MILAN (AP) — It was nipples out on the Milan Fashion Week runway this season, one of the clear trends emerging from a week of previews of mostly womenswear collections for next fall and winter.

Wherever there is a trend, there is always the counter-current, and holding out for what he described as “the dignity of women” was Giorgio Armani. Where sheer fabrics were employed in his collection, it was with modesty.

Armani’s show closed out fashion week on Sunday. Here are highlights from the last day of live runway shows:


With swirls of colored taffeta and satin gathered into crushed roses, Japanese designer Tomo Koizumi put a smiley face on a rainy Sunday morning.

The exuberant looks were spasms of color fashioned into ruffles on a minidress constructed from stripes of knitwear, elaborate skirts with deep slits and dresses with southern belle silhouettes. These are occasion pieces that would be standouts on any red carpet, stage or party; imagine the lucky girl wearing one to prom.

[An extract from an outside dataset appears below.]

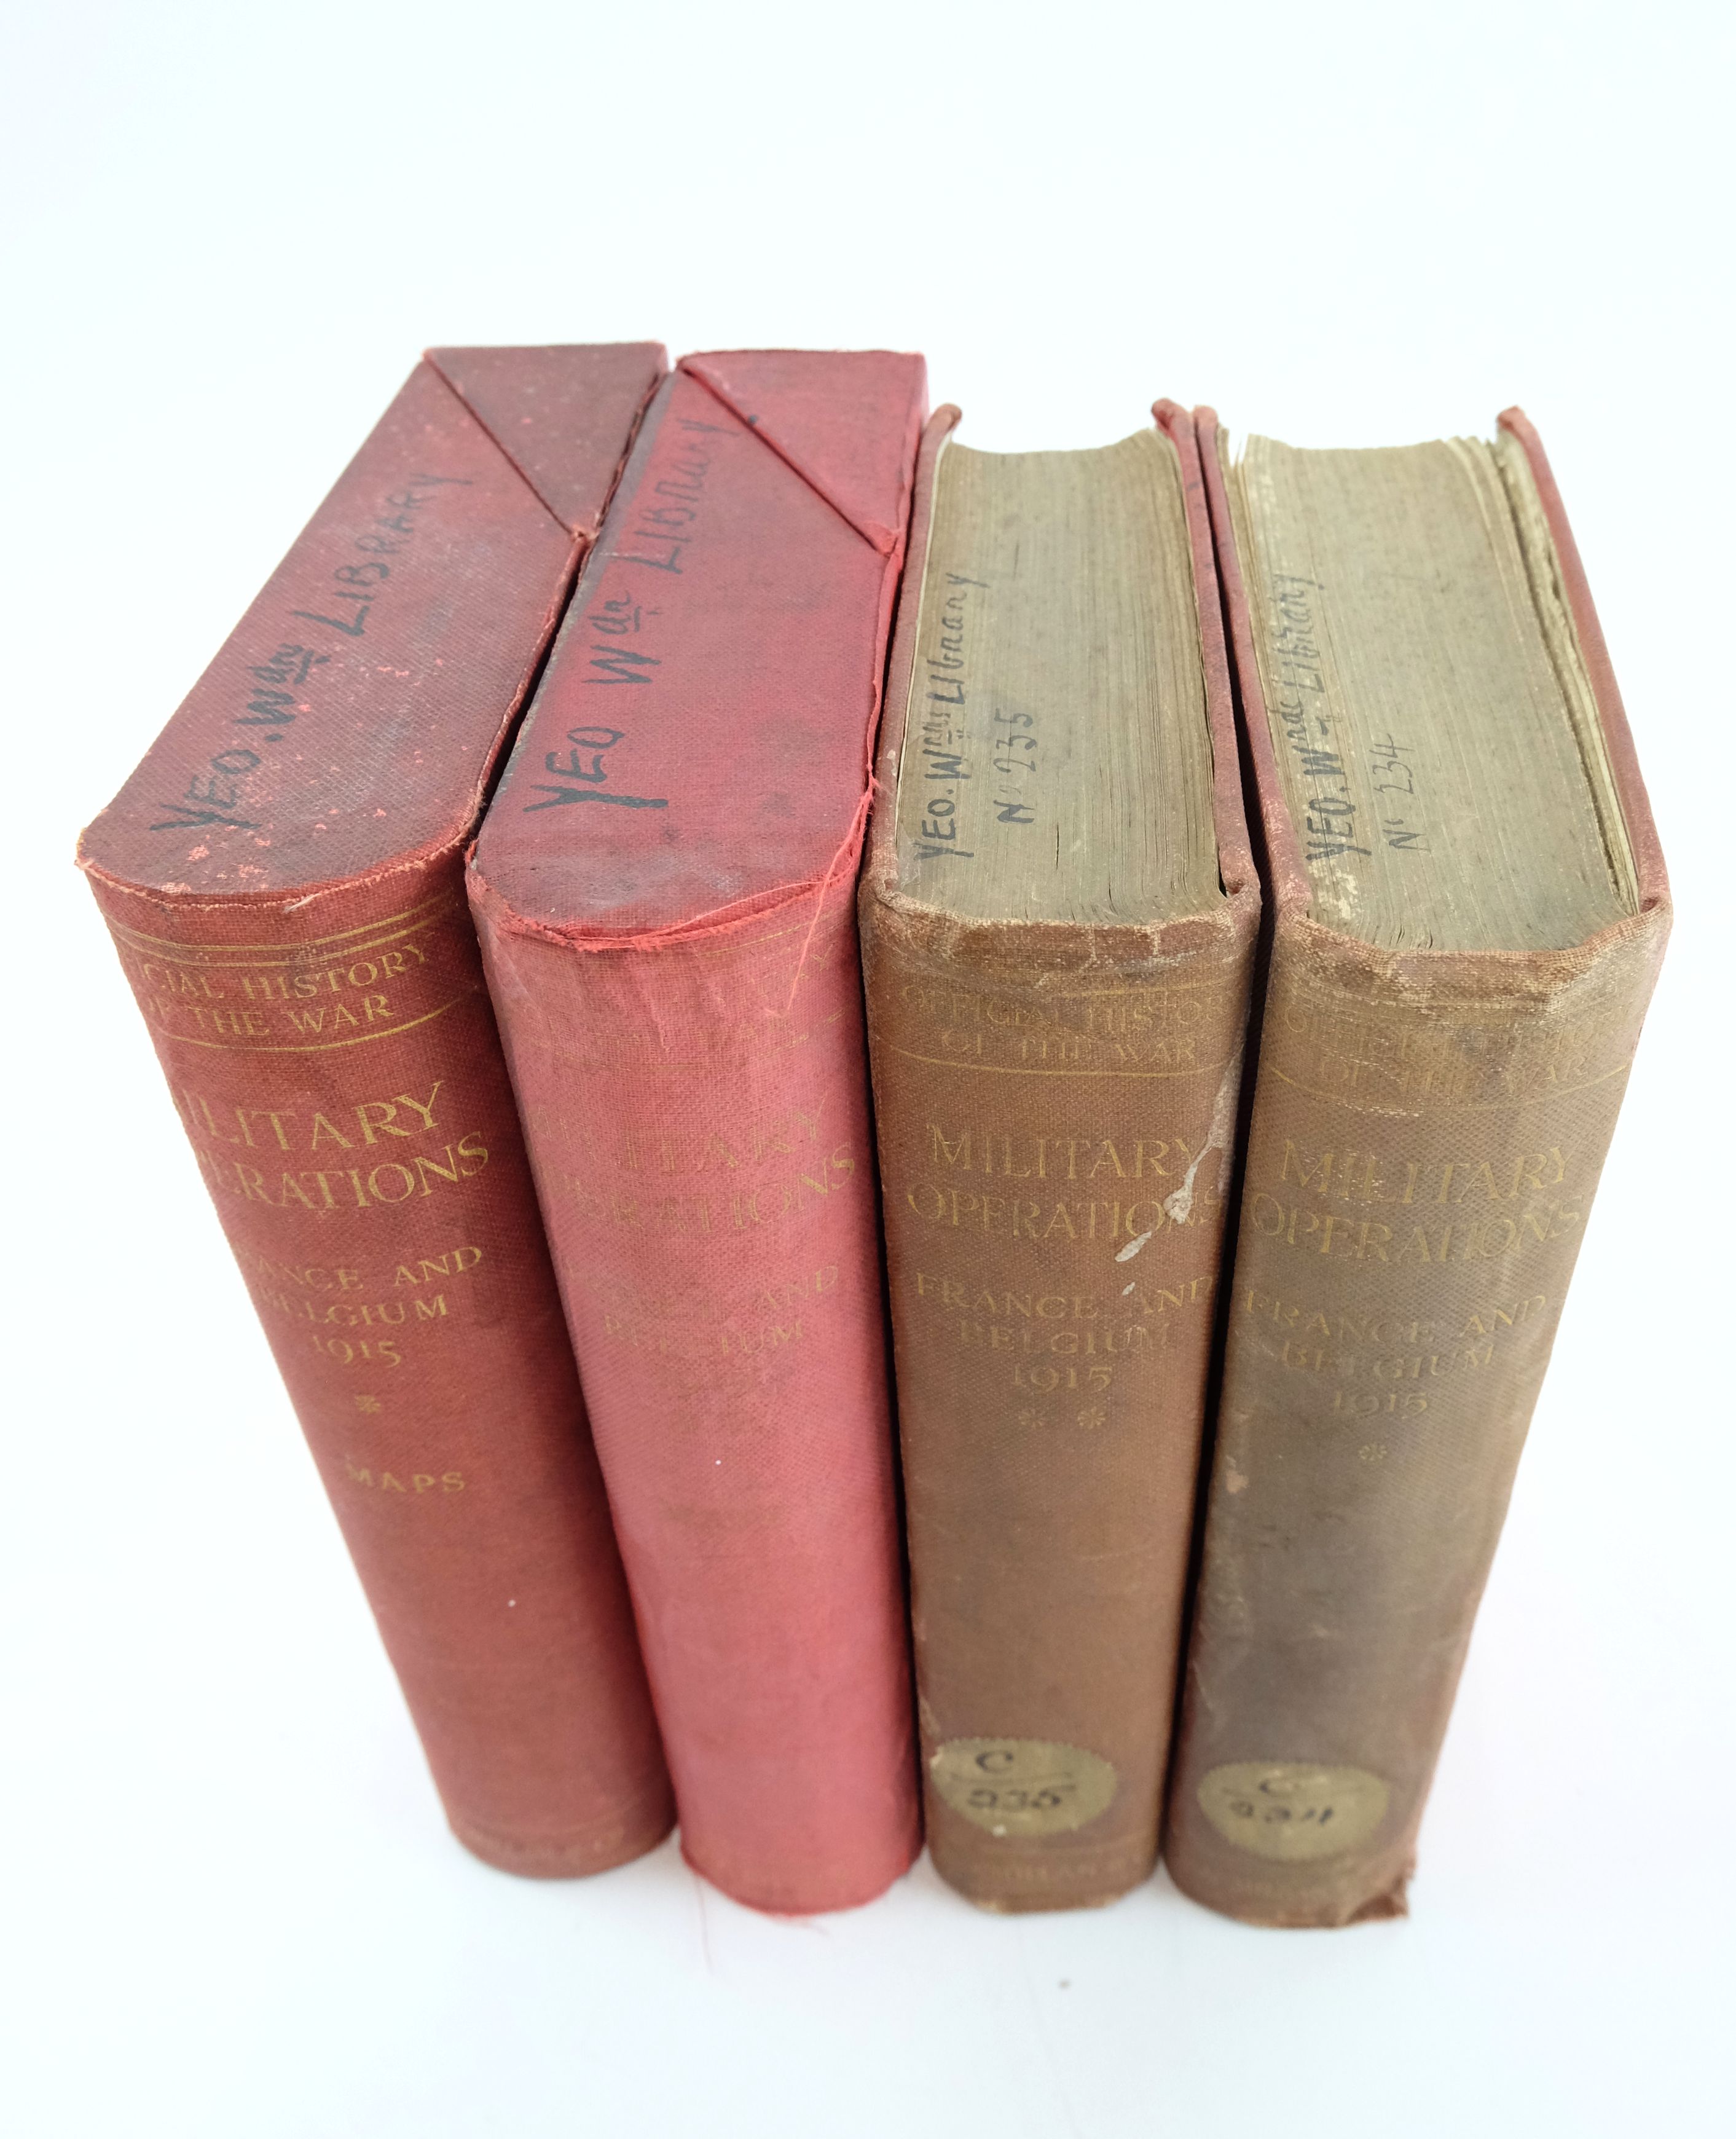 Photo of MILITARY OPERATIONS FRANCE AND BELGIUM 1915 (4 VOLUMES) written by Edmonds, James E.
Wynne, G.C. illustrated by Becke, A.F. published by Macmillan & Co. Ltd. (STOCK CODE: 1824306)  for sale by Stella & Rose's Books

The runway show was in collaboration with Dolce & Gabbana, which supplied textiles as well as handbags and shoes, Koizumi said. He turned a print from one of the Italian house’s recent collections into a series of 3-D floral creations.

“I took inspiration from Dolce & Gabbana, and I also got powerful support, which allowed me to push myself even harder,’’ Koizumi said.

Koizumi also put out there his dream: “To be hired by as creative director of a major fashion house.”


Giorgio Armani once again gave the fashion world a glimpse of idealized life inside Milan’s stately palazzi, populated by women for whom dressing in comfort and style are not a contradiction.